→ ASSIGNED TASK
Return the data verbatim, without pictures.

→ DATA SHOWN
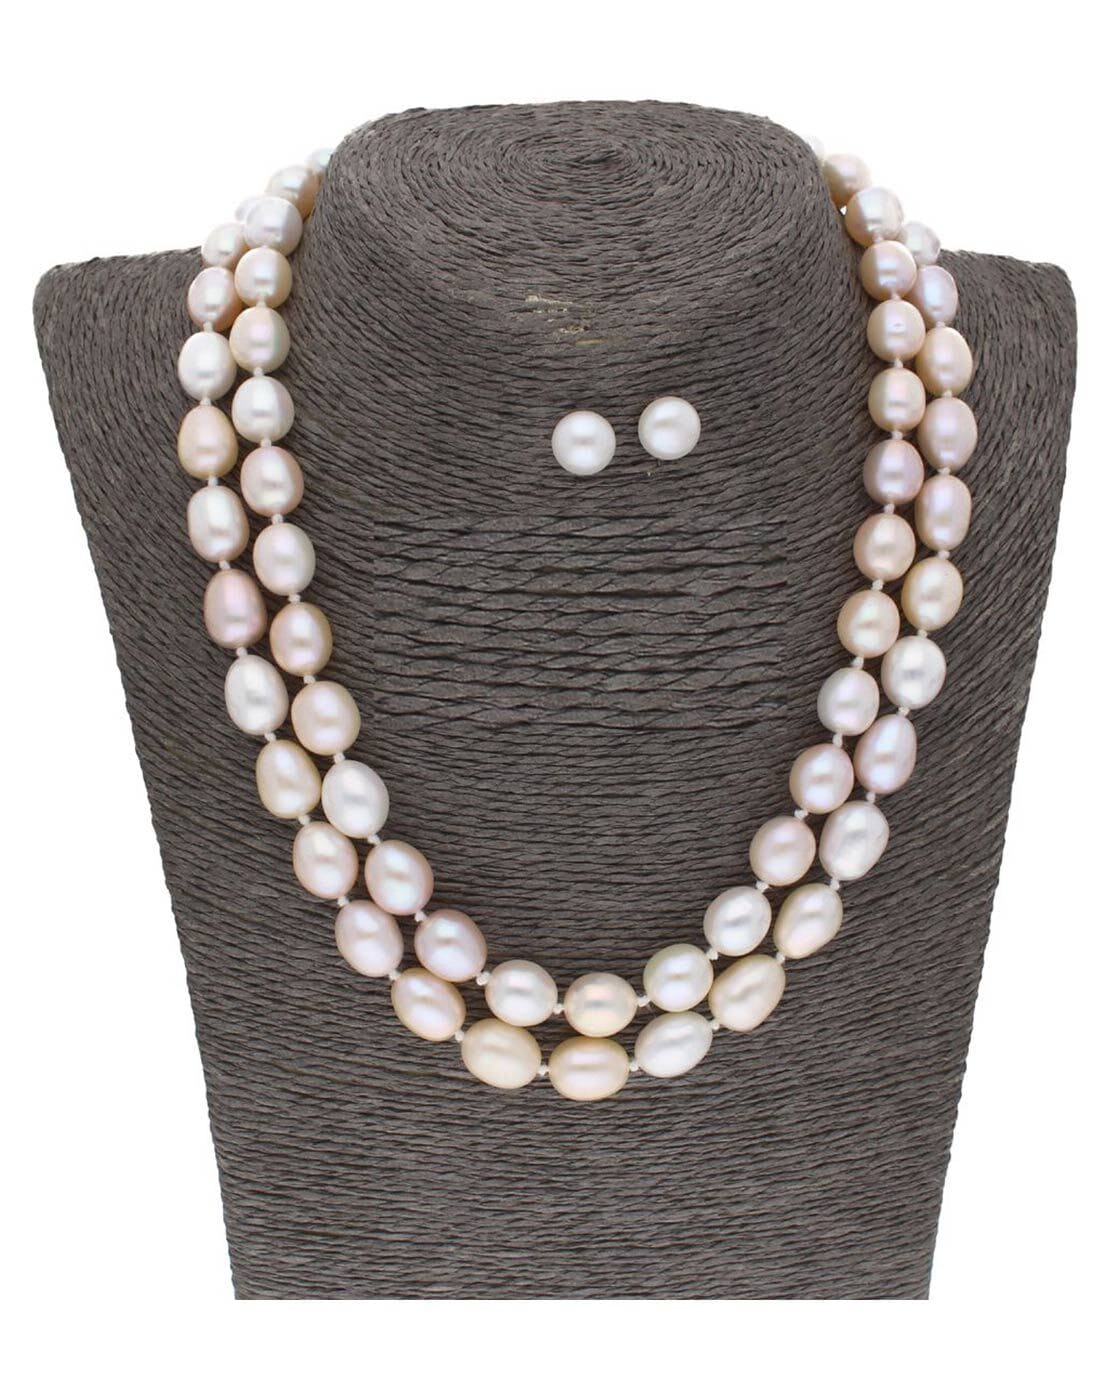 Pearl necklace - Mini Naomi | Ana Luisa | Online Jewelry Store At Prices  You'll Love
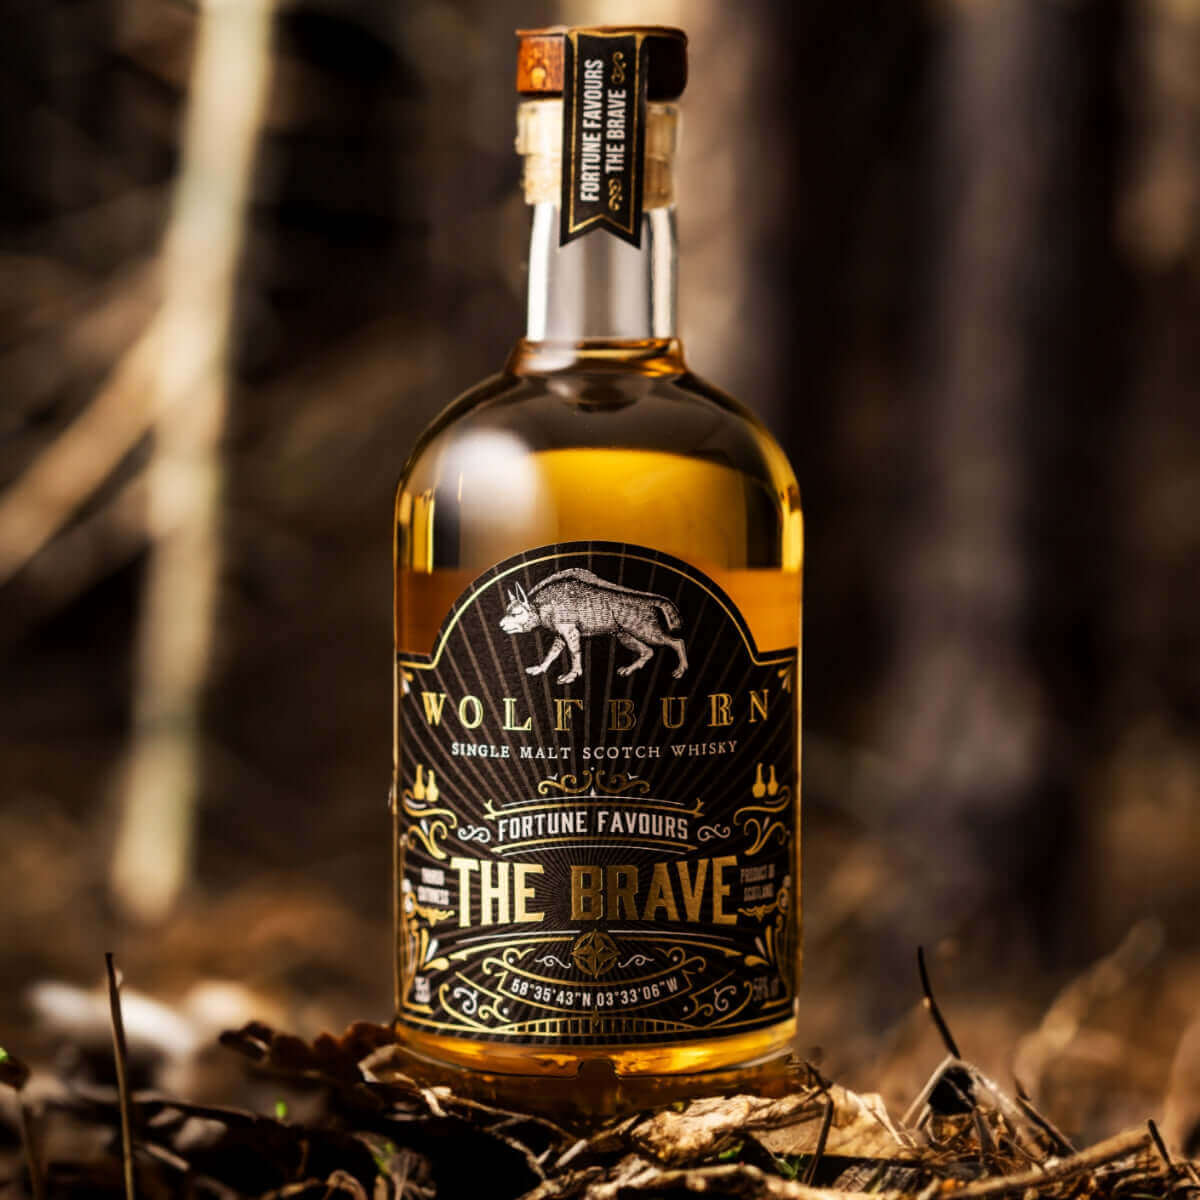 Wolfburn Fortune Favours the Brave – 58% vol. 35cl The 35cl Fortune Favours the Brave Langskip edition at 58%. Matured exclusively in first-fill ex-bourbon barrels. Distilled, matured and bottled at Wolfburn Distillery in Caithness, Scotland.
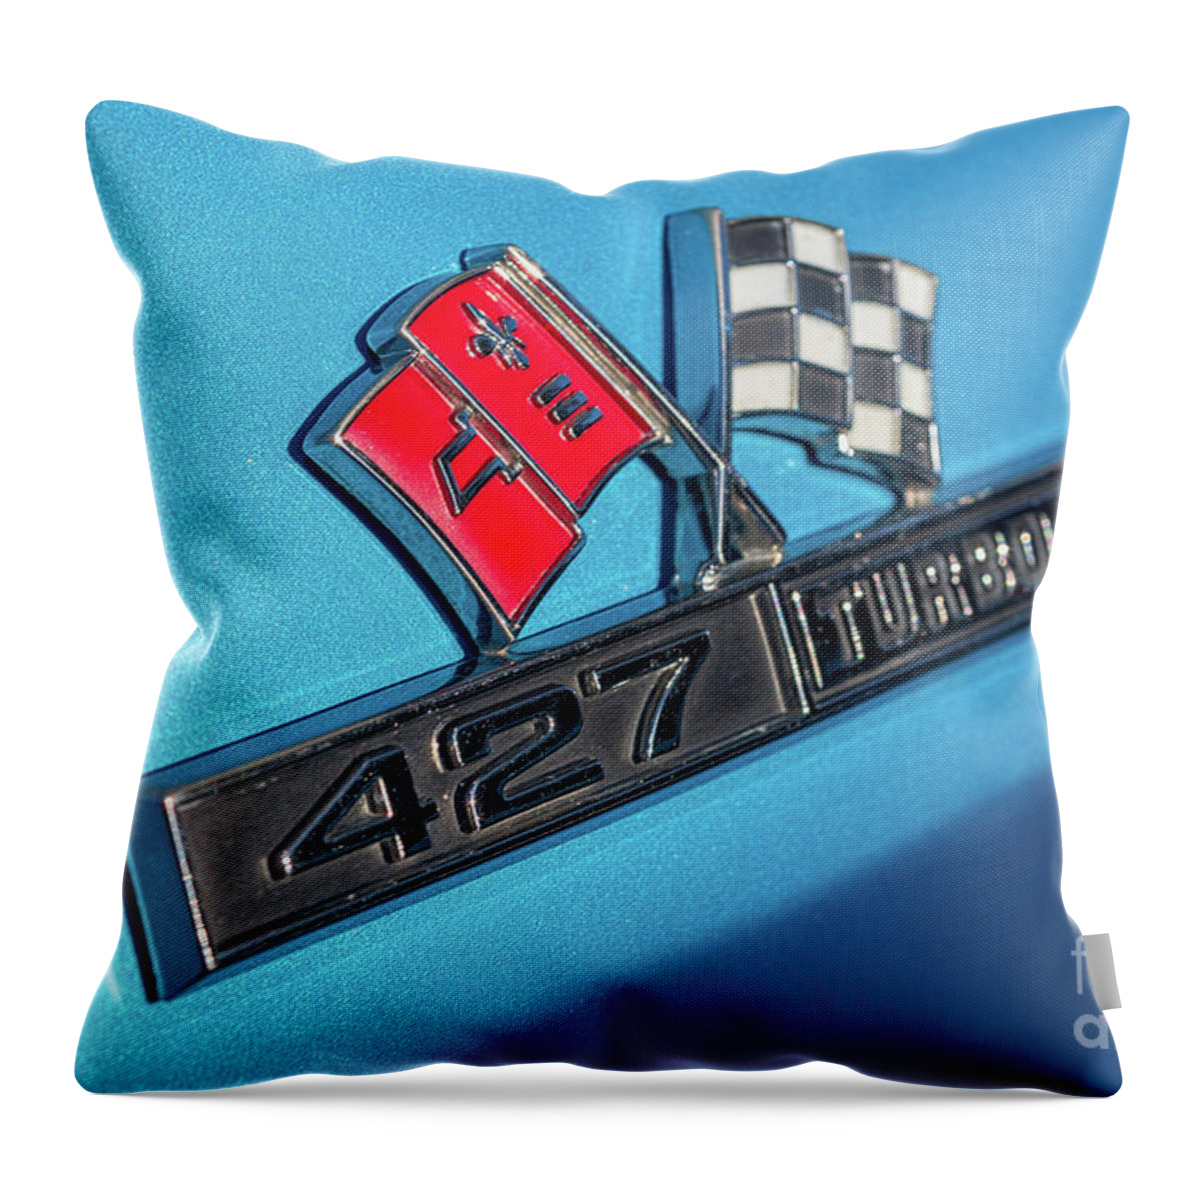 Chevy Throw Pillow featuring the photograph 1965 Blue Corvette 427 Turbo Jet Emblem by Aloha Art

→ REPLY TO THE TASK
 Pearl necklace - Mini Naomi | Ana Luisa | Online Jewelry Store At Prices  You'll Love
 Wolfburn Fortune Favours the Brave – 58% vol. 35cl The 35cl Fortune Favours the Brave Langskip edition at 58%. Matured exclusively in first-fill ex-bourbon barrels. Distilled, matured and bottled at Wolfburn Distillery in Caithness, Scotland.
 Chevy Throw Pillow featuring the photograph 1965 Blue Corvette 427 Turbo Jet Emblem by Aloha Art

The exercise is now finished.